The molecular docking methodology can provide a greater understanding of the ligand–protein interactions. With this motive, all the synthesized compounds were docked into the active site of enzyme. Docking against the dengue virus NS2B/NS3 protease helps immensely in the prediction of their interaction ability. For results comparison, 4-hydroxypanduratin (DS − 3.379), panduratin (DS − 3.189) and ethyl 3-(4-(hydroxymethyl)-2-methoxy-5-nitrophenoxy)propanoate (DS − 3.381) were docked as positive controls. The 3D crystallographic structure of DENV NS2B/NS3 protease was obtained from PDB (PBD ID: 2FOM), at a resolution of 1.50 Å. The aim is to target the hydrophobic pockets of dengue virus NS2B/NS3 protease, and to screen all compounds that could help in the inhibition of DENV infection. The results thus could offer useful information in the development of drug and would further help in computer-aided drug designing, against the DENV infection. Dengue virus possess of four antigenically related serotypes, such as dengue S-1, S-2, S-3 and S-4 [7, 31] and interestingly any of the inhibitor could act against these serotypes, in the binding pocket of NS2B/NS3 protease [32]. Heavy number of envelope proteins surrounds the mature dengue virus at its surface, hence initiating the points for the systematic search of cavities to help discover those compounds that could interfere in the E protein rearrangements, which results in fusion process [33]. Like other flavivirus, dengue virus has also been specified as a significant drug target. As its catalytic triad is already known to be quite important in viral replication, therefore any disruption in it could block the replication of the DENV [34].
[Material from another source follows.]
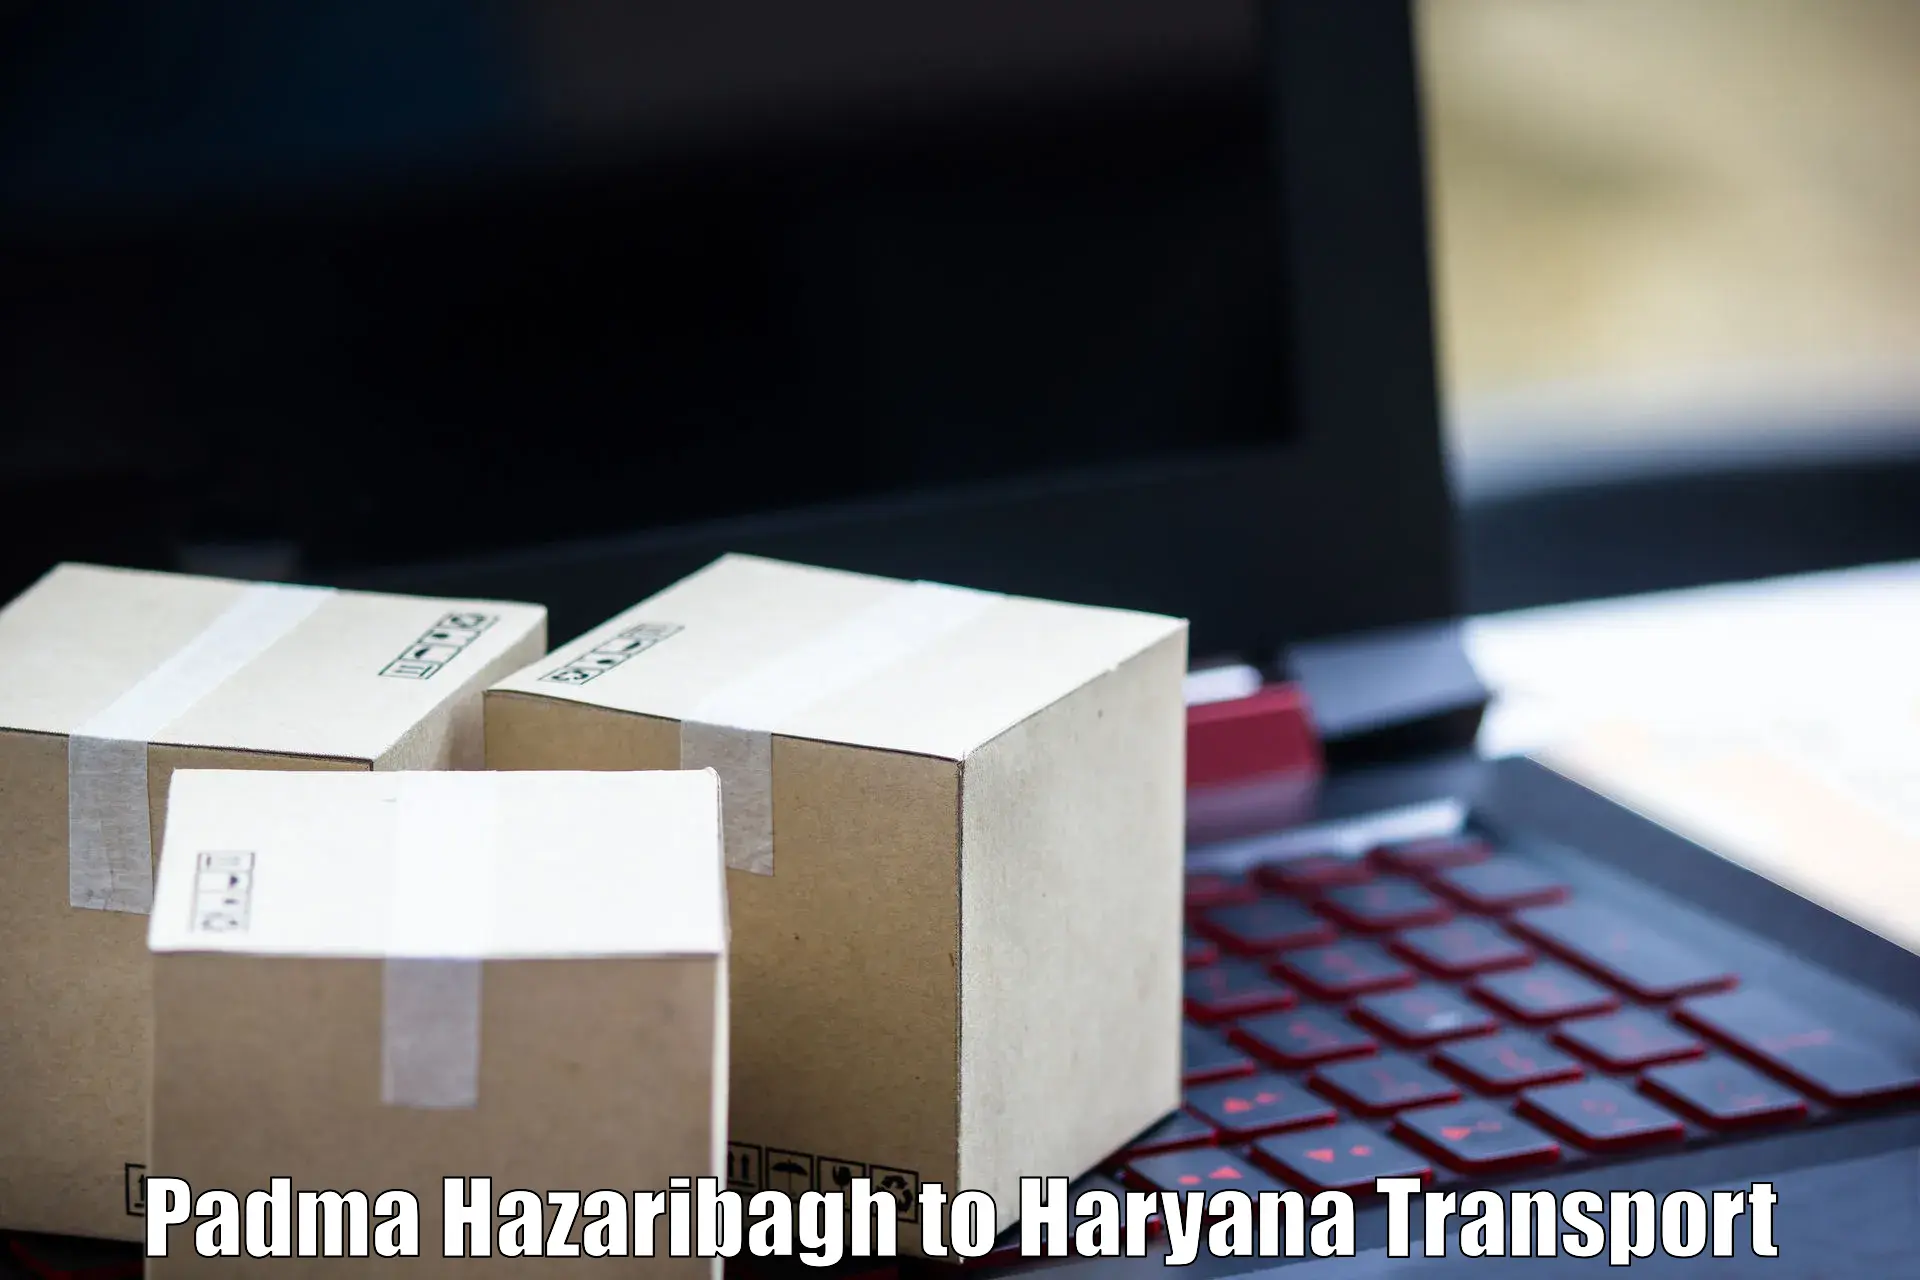 Bike shipping service Padma Hazaribagh to Kurukshetra University

Compounds SKYaSKYg, were interacted with the residues in the catalytic triad, such as HIS51, ASP75 and SER135 of the protease. Lee and co-workers reported that these residues forms hydrogen bond with the active ligands, through the carbonyl group of GLY151 and the hydroxyl group of SER135, but no interaction was reported with the HIS51 of the catalytic triad [35]. All docked compounds (SKYaSKYg), were observed to occupy similar poses with binding orientation around the active sites of the protease NS2B/NS3, with different interactions with the residues within a range of (DS − 2.754 to − 4.014) (Table 2). The most active compound SKYf, showed quite high binding affinity (high negative docking score –4.014), even higher than that of the chosen standards, with hydrogen bond, π-π stacking and π-cation interactions. Interestingly, the binding affinity of the most active compounds (SKYf, SKYd, SKYc and SKYe) increase with the present of these interactions with the most important residues inside the active site, such as HIS51, ASP75, GLY151, and GLY153 (see Figs. 6, 7, 8 and 9).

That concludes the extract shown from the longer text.